I’m trying to make a human relative date time parser. Running into the following issue in this heavily simplified example:
@top DateTimeExpression {
Date (space ~s ('at' space ~s)? Time)?
| Time
}
Date { FullYear ~n (space ~s Month (space ~s DayOfMonth)?)? }
Time { Hours ~n (space?

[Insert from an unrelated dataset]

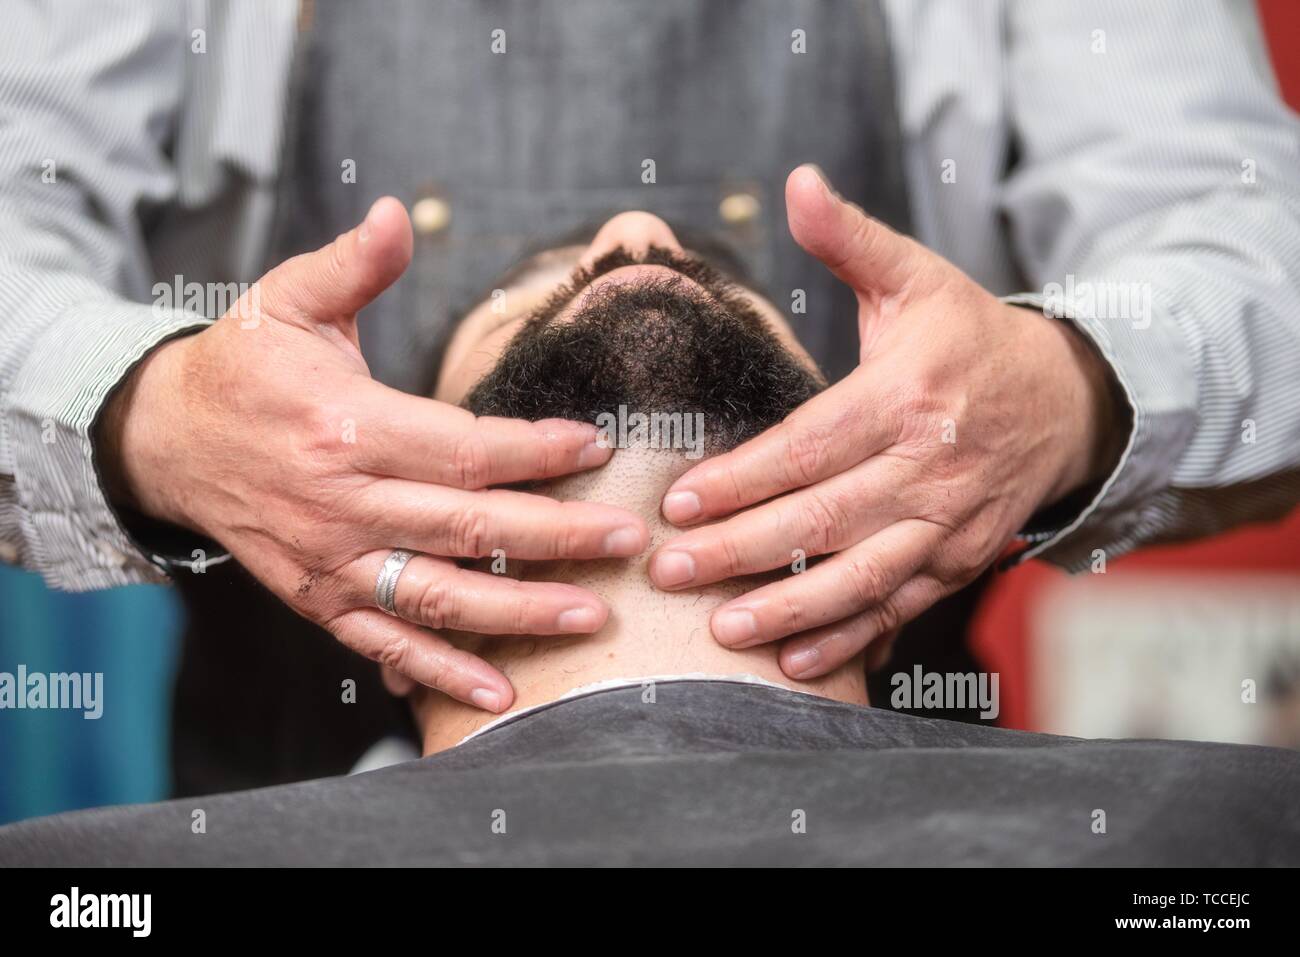 Hair stylist applying after shaving lotion at barber shop. Stock Photo
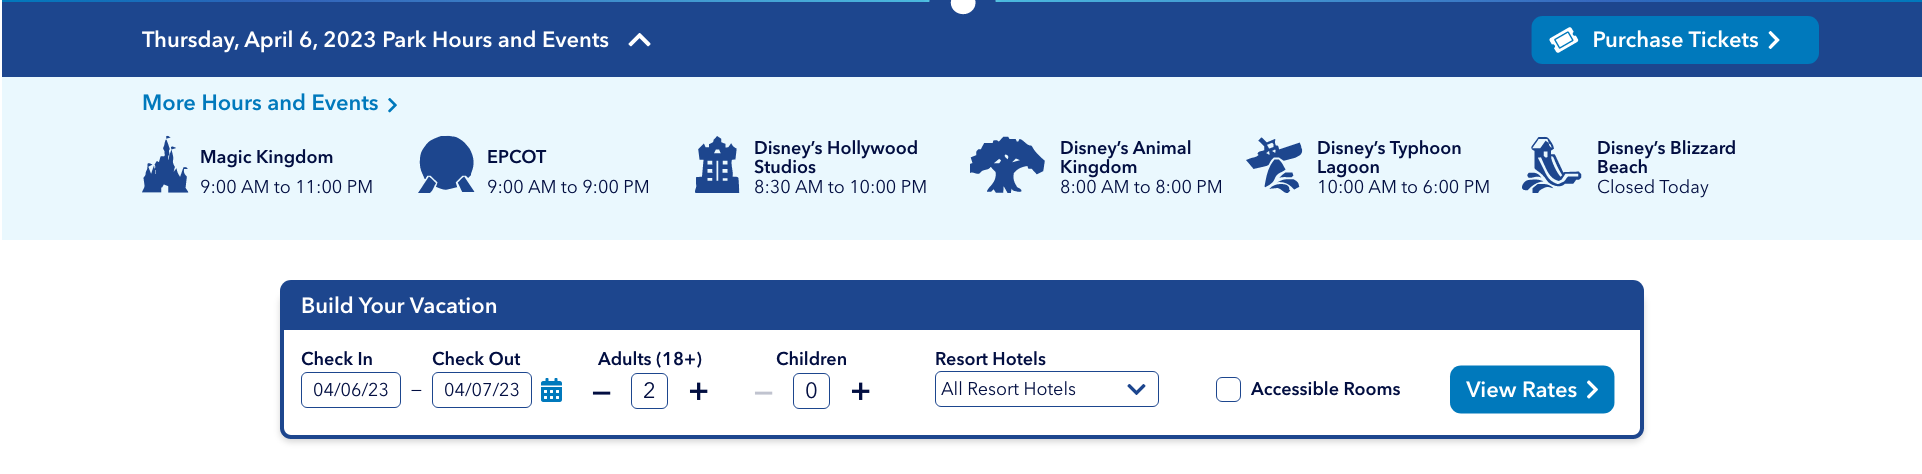 The web redesign includes park hours and a purchase tickets button

AmPm)? }
FullYear { Digit ~n Digit ~n Digit ~n Digit ~n }
DayOfMonth { '1' | '2' | '3' | '4' | '5' | '6' | '7' | '8' | '9' | '01' | '02' | '03' | '04' | '05' | '06' | '07' | '08' | '09' | '10' | '11' | '12' | '13' | '14' | '15' | '16' | '17' | '18' | '19' | '20' | '21' | '22' | '23' | '24' | '25' | '26' | '27' | '28' | '29' | '30' | '31' ~n }
Month { 'january' | 'february' | 'march' | 'april' | 'may' | 'june' | 'july' | 'august' | 'september' | 'october' | 'november' | 'december' }
Digit { '0' | '1' | '2' | '3' | '4' | '5' | '6' | '7' | '8' | '9' ~n }
Hours { ('0' | '1')? ~n Digit | '2' ~n ('0' | '1' | '3' | '4') ~n }
AmPm { ('a' 'm'? | 'p' 'm'?) }
@tokens {
space { @whitespace+ }
}
shift/reduce conflict between
Date -> FullYear space Month · space DayOfMonth
and
Date -> FullYear space Month
With input:
FullYear space Month · space …
Shared origin: @top -> · Date
The space after the FullYear
or Month
could by followed by either a DayOfMonth
or 'at'
…I thought annotating the spaces with ~s
would tell the parser to try both branches in GLR, but seemingly not.
Btw, is (Foo ~marker)?
equivalent to Foo? ~marker
or not?
Notes: I’ve avoided tokenizing numbers so that I have some hope of interpreting 32/08/14
as yy/MM/dd
and 14/08/32
as dd/MM/yy
, though I guess I could just leave that for code that runs after the parser.
Also I’ve had to rely on significant whitespace for many of my rules.
Starting to wonder if I should just hand write a parser with infinite lookahead for this use case, since the expressions are never going to be very long… but Lezer is awesome! I’m hoping I can use it!